Cape man accused of using Internet to lure children sentenced
A Cape Coral man is serving out a nine-month sentence after being accused last year of using the Internet to entice children into sexual acts.
Samuel Albert Ribel, 43, of 1765 Four Mile Cove Parkway, Apt. 1210, pleaded to one count of transmission of harmful material to a minor, a third-degree felony, on March 14 in a plea deal with the state. Ribel was adjudicated guilty.
He was sentenced to nine months incarceration, followed by four years of sex offender probation, according to Samantha Syoen, spokeswoman for the State Attorney’s Office.
Ribel was not prosecuted on one count of computer pornography-solicitation of a child, unauthorized use of a computer service, court records indicate.
“We are satisfied with the sentence or we would not have arranged this plea agreement,” Syoen wrote in an e-mail. “He is incarcerated and is designated as a sexual offender, which is a successful resolution to this case.”
Assistant State Attorney Carrie Pollock prosecuted the case.
Public defender Stephen Everett represented Ribel.
Everett did not return a telephone message seeking comment.
Ribel was arrested and charged on Aug. 10 in connection to Operation Traveling Man, an undercover operation initiated by the Florida Department of Law Enforcement. The goal was to identify people who used the Internet to engage children in sexual acts or chatted online with children and then traveled to meet those children to engage in sexual acts.
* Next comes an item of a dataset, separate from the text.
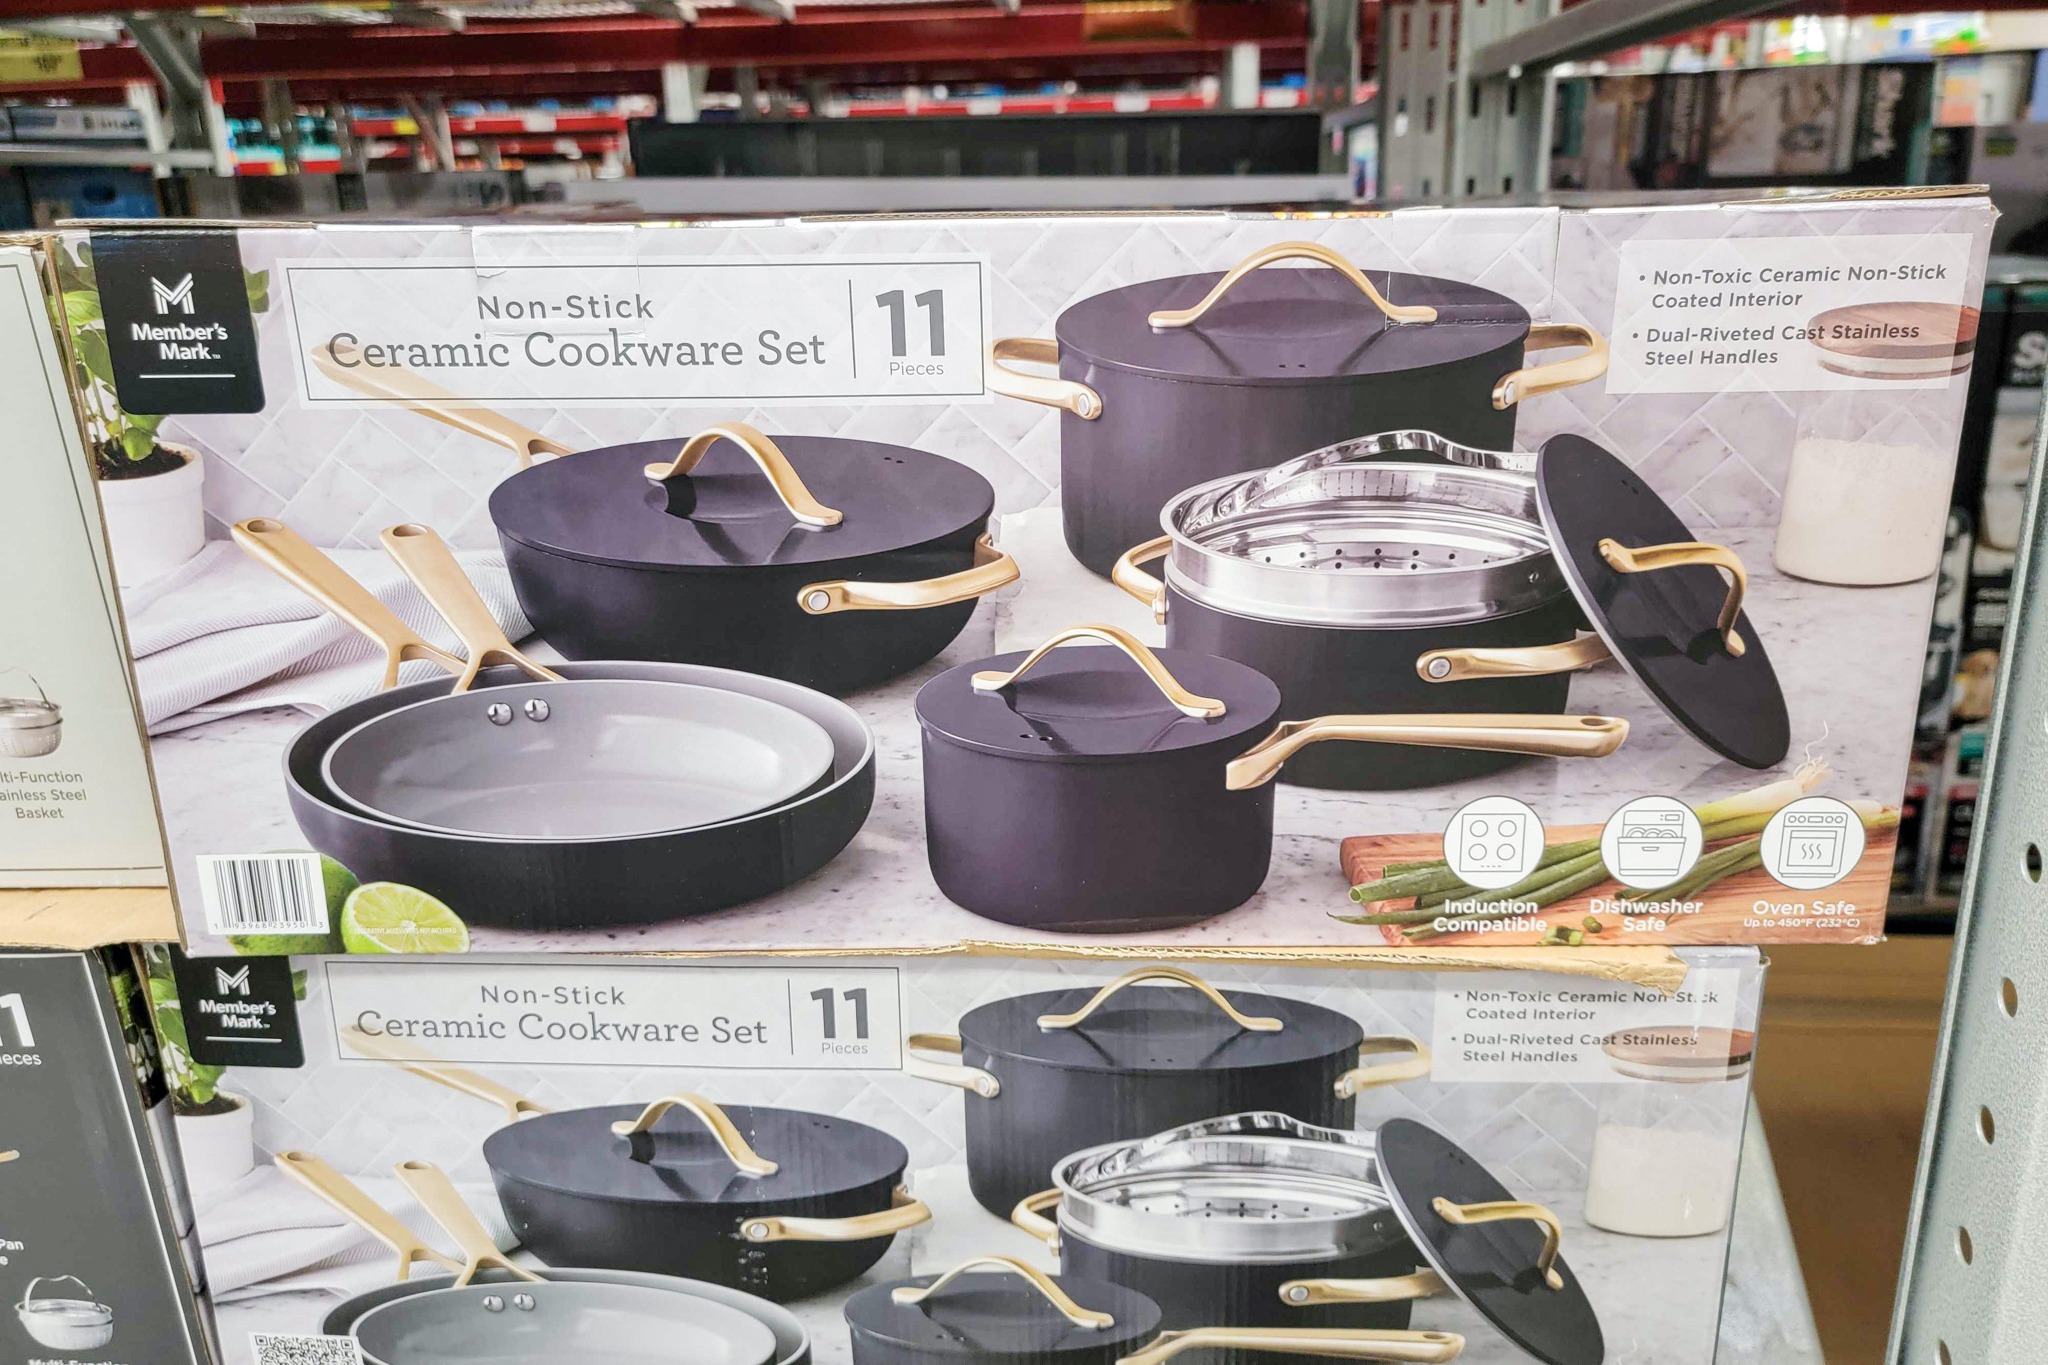 Members Mark 11 pc Ceramic Cookware Set (Blue & Gold) for Sale in

According to his arrest warrant, Ribel engaged in chat sessions with an undercover officer who was posing as a 13-year-old girl between October 2007 and March 2008. During the sessions, he provided the “teen” with a photo of a man’s genital and described sexual acts that he wanted to do.
During an interview with FDLE agents, Ribel stated that he would never drive to meet anyone, that not all of his chats become sexual in nature and that he has 20 to 30 years of experience chatting with people of all ages, single and married. When asked about the photo, he said, “pictures are never of me.”
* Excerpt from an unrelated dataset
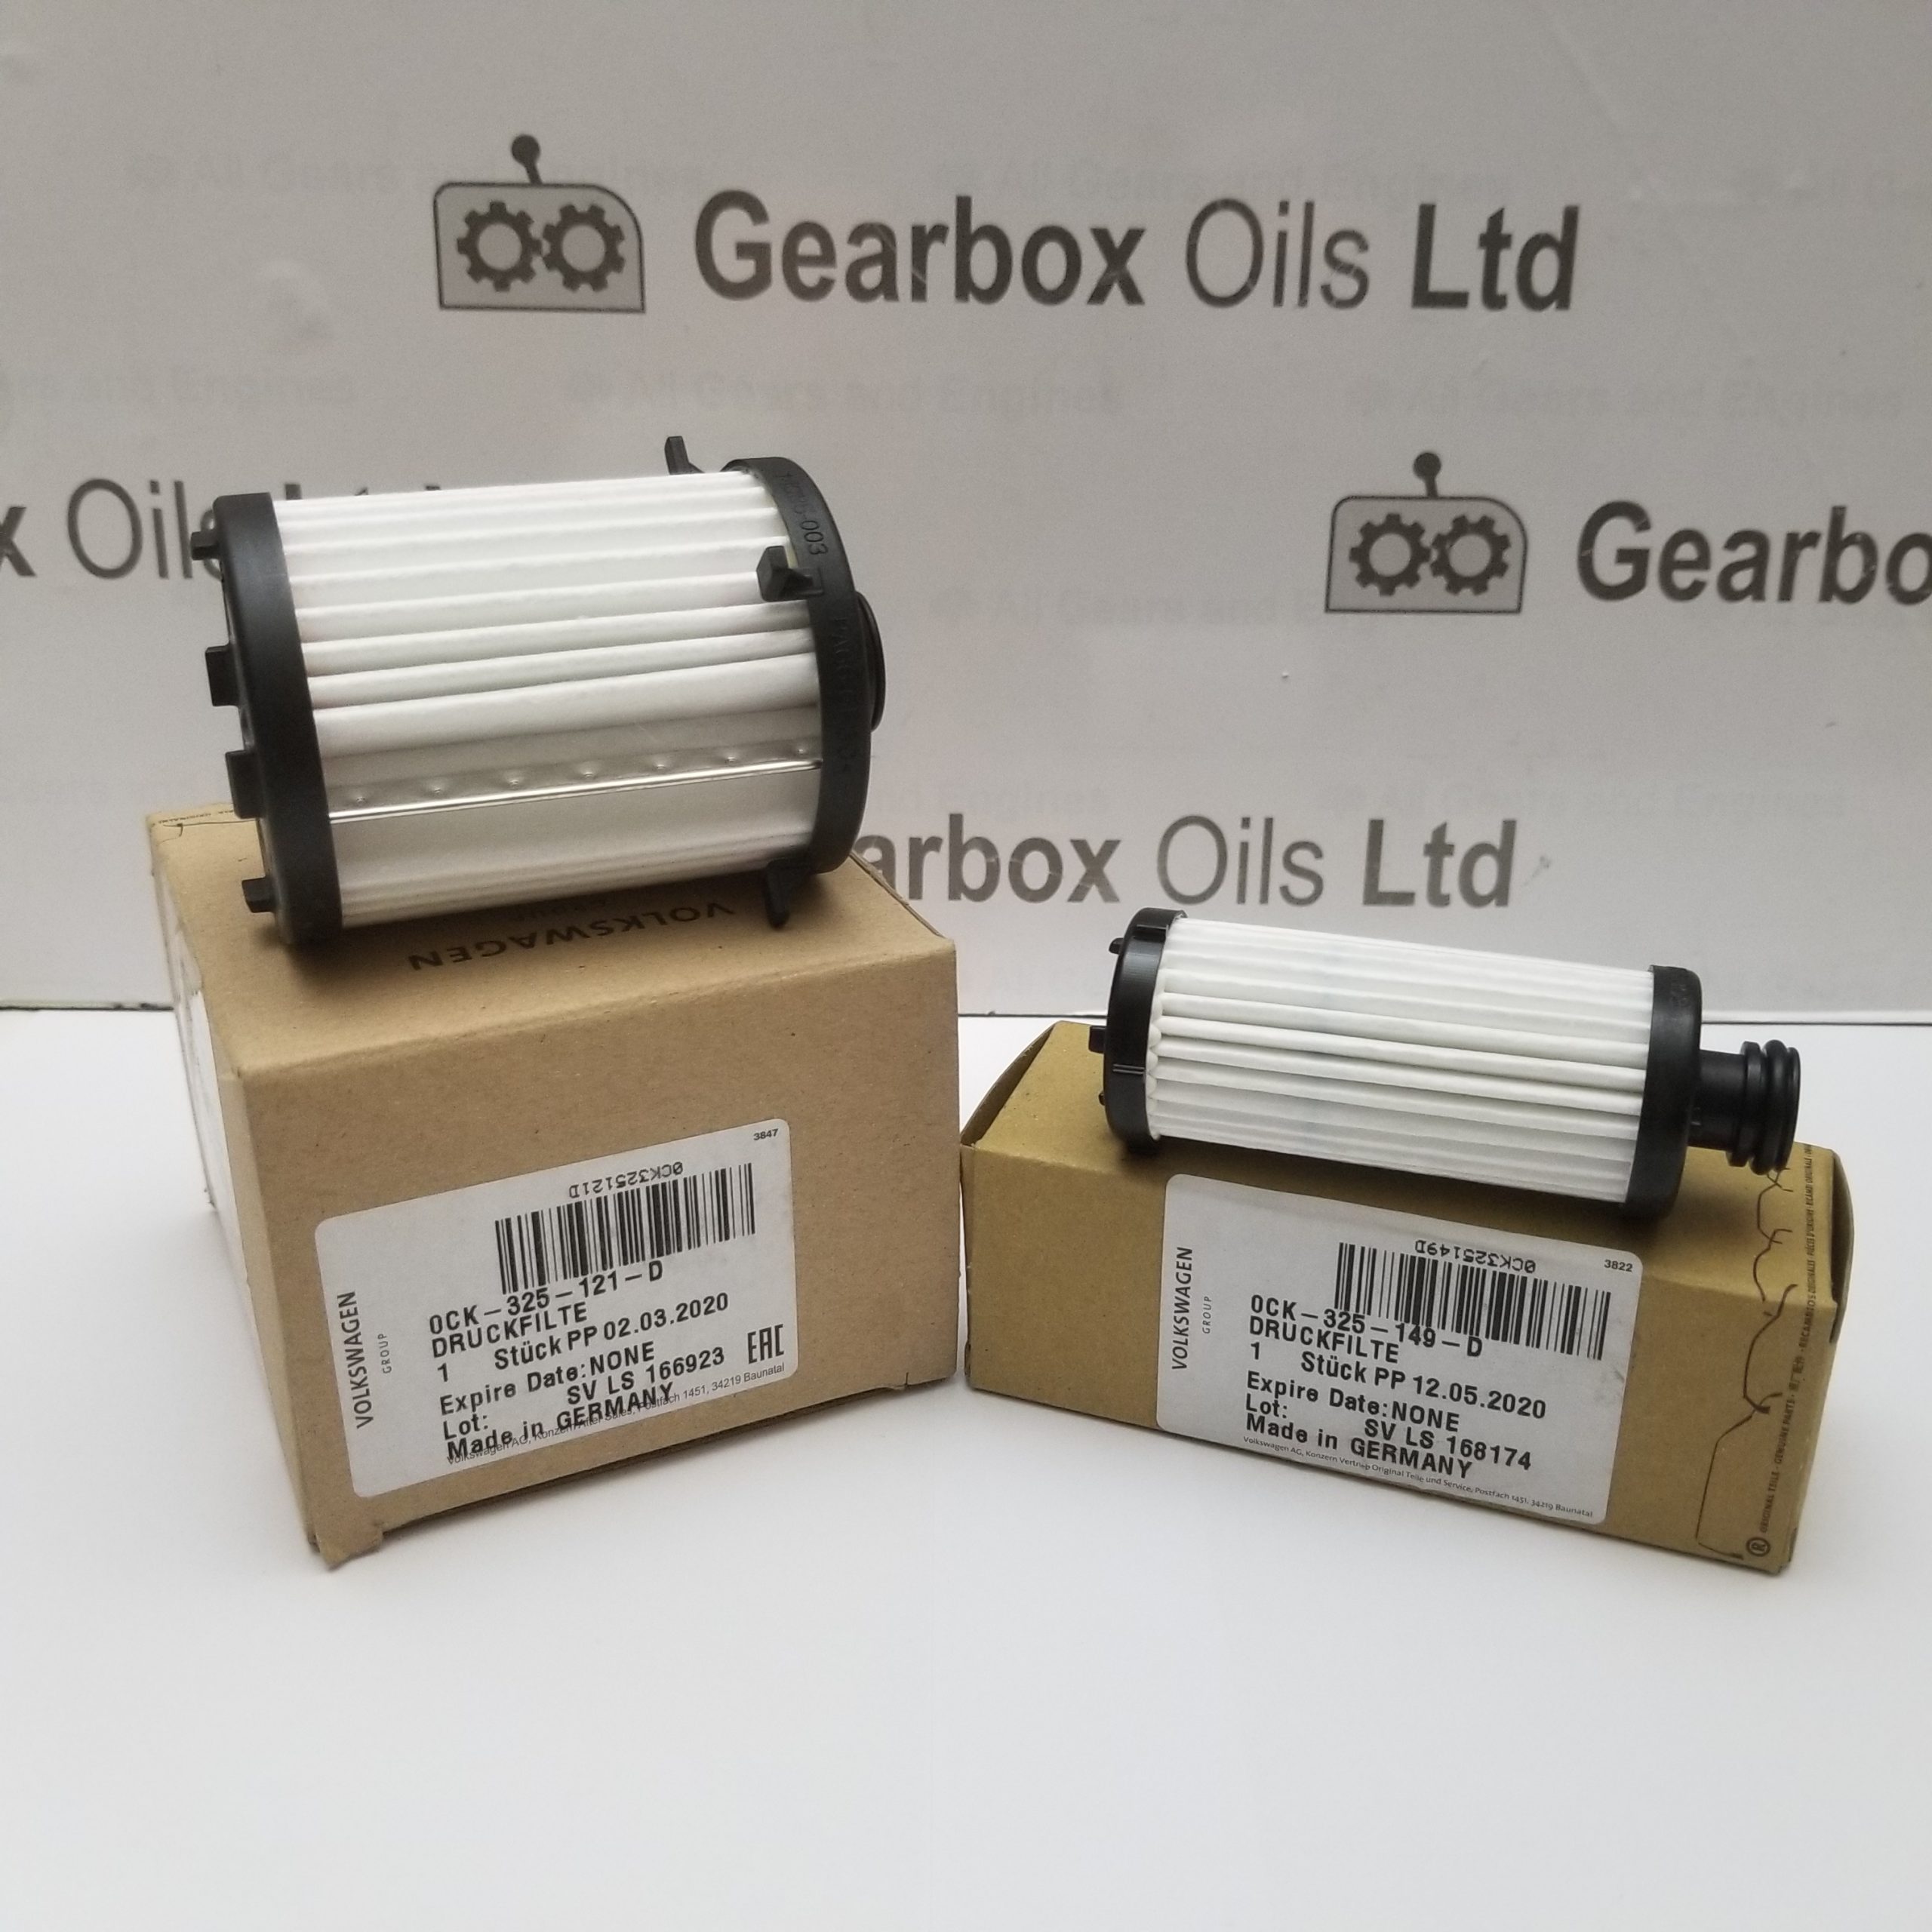 Genuine 7 Speed Audi VW 0CK Automatic Transmission Filters – GearboxOils

Ribel told the agents that there would be images on his computer, but that he did not know their ages. He said there may be images of girls as young as 5 or 6 years old, the warrant states. He acknowledged removing “young kids from his computer.” Ribel added that the chats were solely for research.
When asked if he thought he was doing anything illegal, Ribel responded, “I would say most likely yes, most likely there is a line that I probably crossed. It was a misforunate line that I crossed. What probably saved my (expletive) is that I never wanted to meet these people.”